Erlang style, where we embrace failability of both hardware and software and explicitly design programs to be resilient to partial faults.

SQLite style, where we overcome an unreliable environment at the cost of rigorous engineering.

rust-analyzer and TigerBeetle are perfect specimens of the two approaches, let me describe them.

rust-analyzer

rust-analyzer is an LSP server for the Rust programming language. By its nature, its expansive. Great developer tools usually have a feature for every niche use-case. It also is a fast-moving open source project which has to play catch-up with the rustc compiler. Finally, the nature of IDE dev tooling makes availability significantly more important than correctness. An erroneous completion option would cause a smirk (if it is noticed at all), while the server crashing and all syntax highlighting turning off will be noticed immediately.

For this cluster of reasons, rust-analyzer is shifted far towards the embrace software imperfections side of the spectrum. rust-analyzer is designed around having bugs.
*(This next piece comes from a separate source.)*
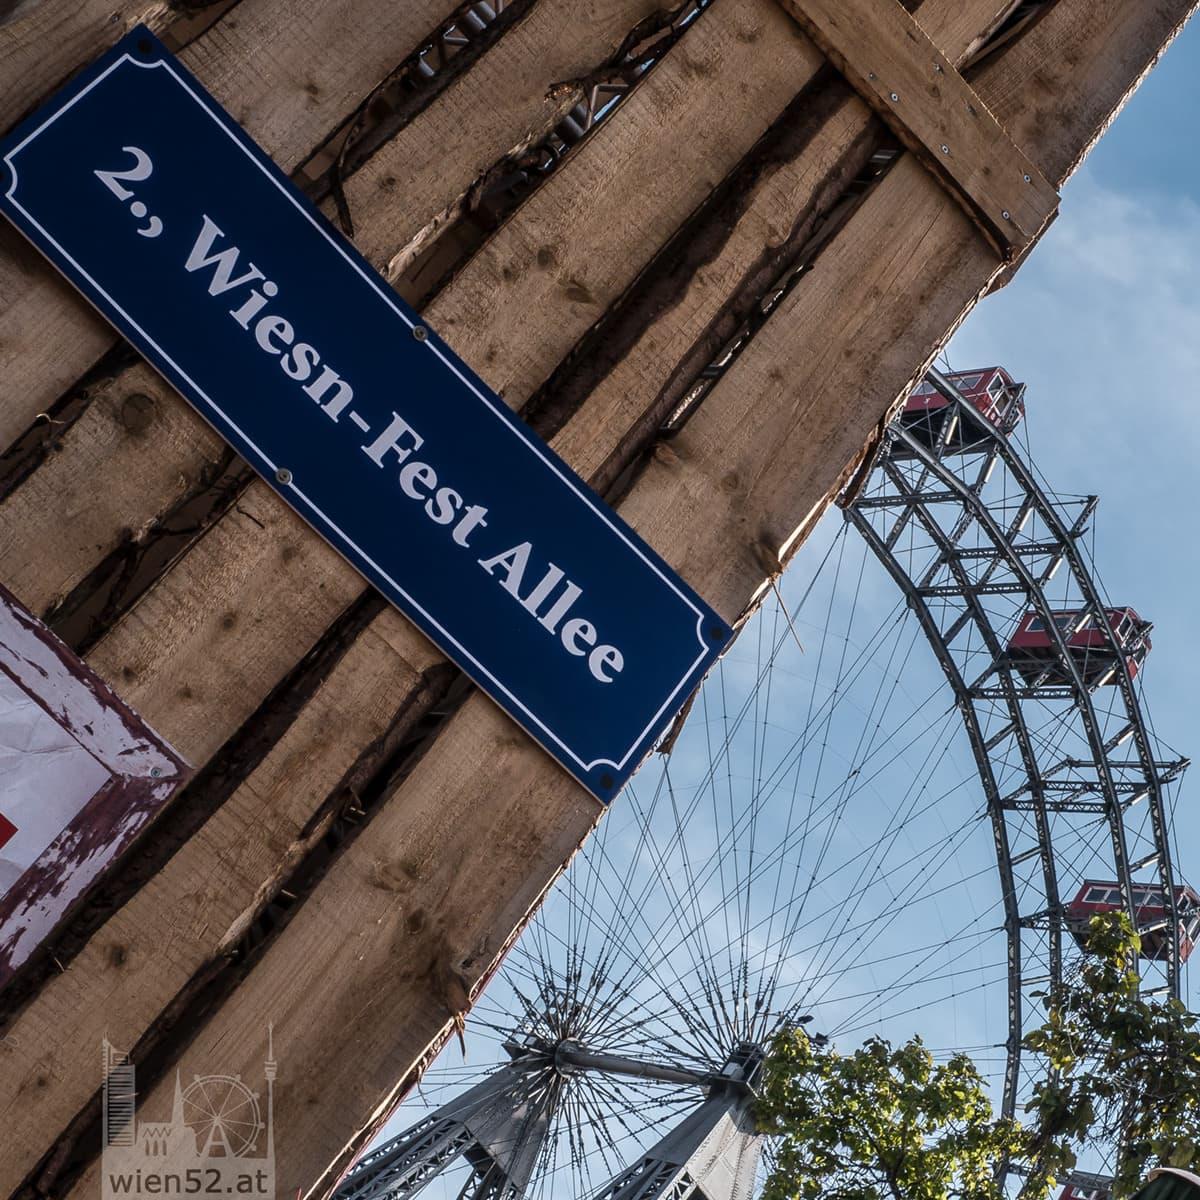 Wiener Wiesn auf der Kaiserwiese 2013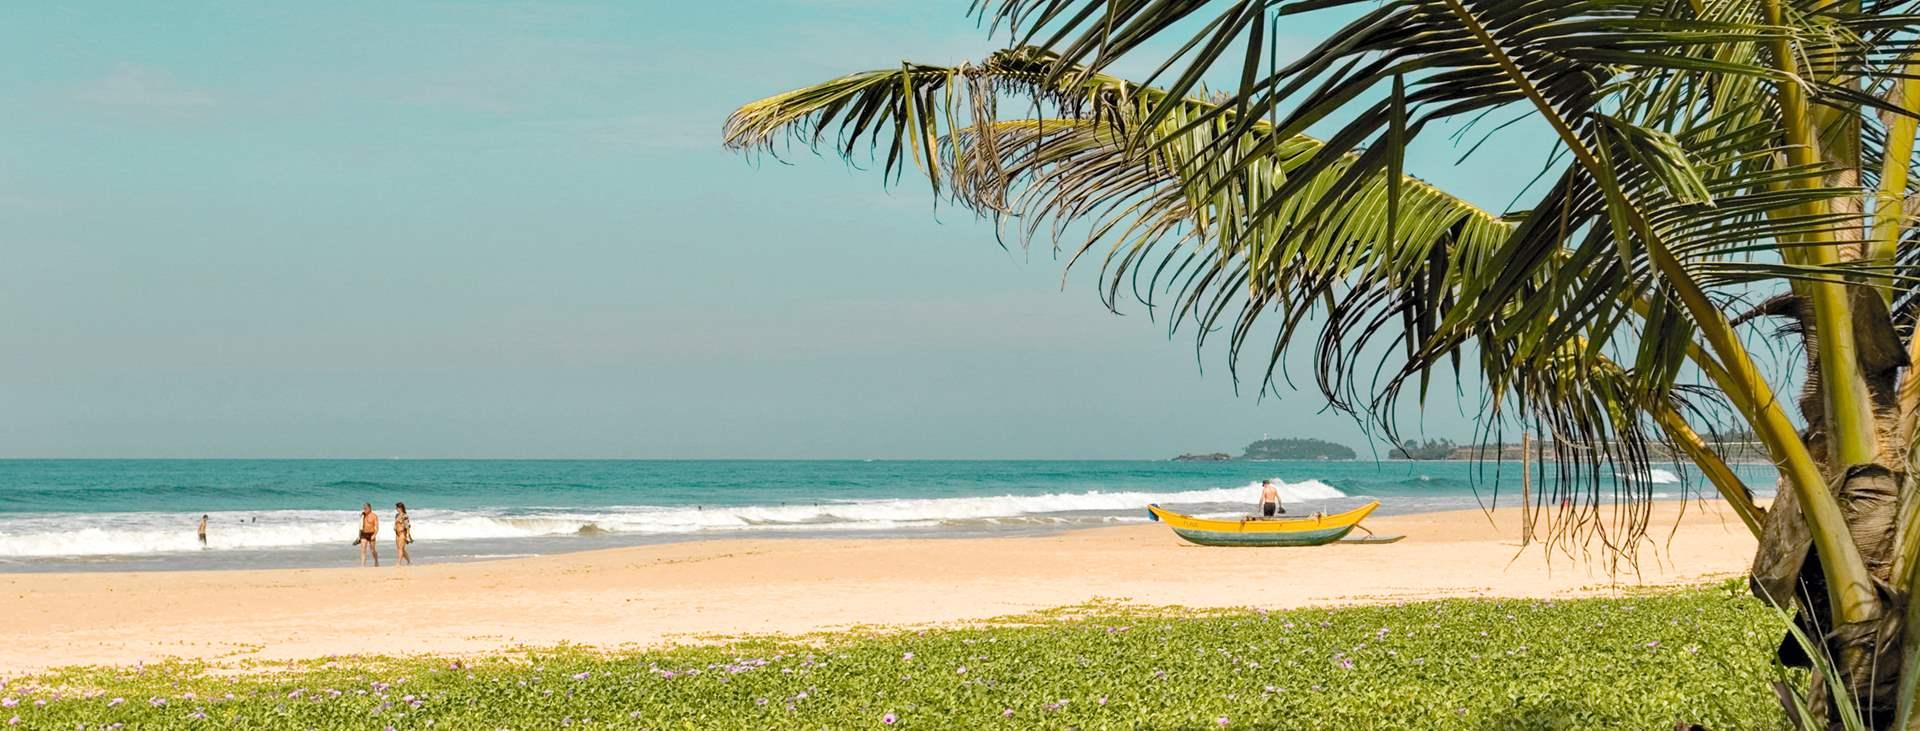 Varaa matkasi Tjäreborgilta Bentotaan, Sri Lankaan

All the various features are carefully compartmentalized at runtime, such that panicking code in just a single feature cant bring down the whole process. Critically, almost no code has access to any mutable state, so usage of catch_unwind cant lead to a rotten state.

Development process itself is informed by this calculus. For example, PRs with new features land when theres a reasonable certainty that the happy case works correctly. If some weird incomplete code would cause the feature to crash, thats OK. It might be even a benefit fixing a well-reproducible bug in an isolated feature is a gateway drug to heavy contribution to rust-analyzer. Our tight weekly release schedule (and the nightly release) help to get bug fixes out there faster.

Overall, the philosophy is to maximize provided value by focusing on the common case. Edge cases become eventually correct over time.

TigerBeetle

TigerBeetle is the opposite of that.

It is a database, with domain model fixed at compile time (we currently do double-entry bookkeeping). The database is distributed, meaning that there are six TigerBeetle replicas running on different geographically and operationally isolated machines, which together implement a replicated state machine. That is, TigerBeetle replicas exchange messages to make sure every replica processes the same set of transactions, in the same order. Thats a surprisingly hard problem if you allow machines to fail (the whole point of using many machines for redundancy), so we use a smart consensus algorithm (non-byzantine) for this. Traditionally, consensus algorithms assume reliable storage data once written to disk can be always retrieved later. In reality, storage is unreliable, nearly byzantine a disk can return bogus data without signaling an error, and even a single such error can break consensus. TigerBeetle combats that by allowing a replica to repair its local storage using data from other replicas.

On the engineering side of things, we are building a reliable, predictable system. And predictable means really predictable. Rather than reining in sources of non-determinism, we build the whole system from the ground up from a set of fully deterministic, hand crafted components. Here are some of our unconventional choices (design doc):

Its hard mode! We allocate all the memory at a startup, and theres zero allocation after that. This removes all the uncertainty about allocation.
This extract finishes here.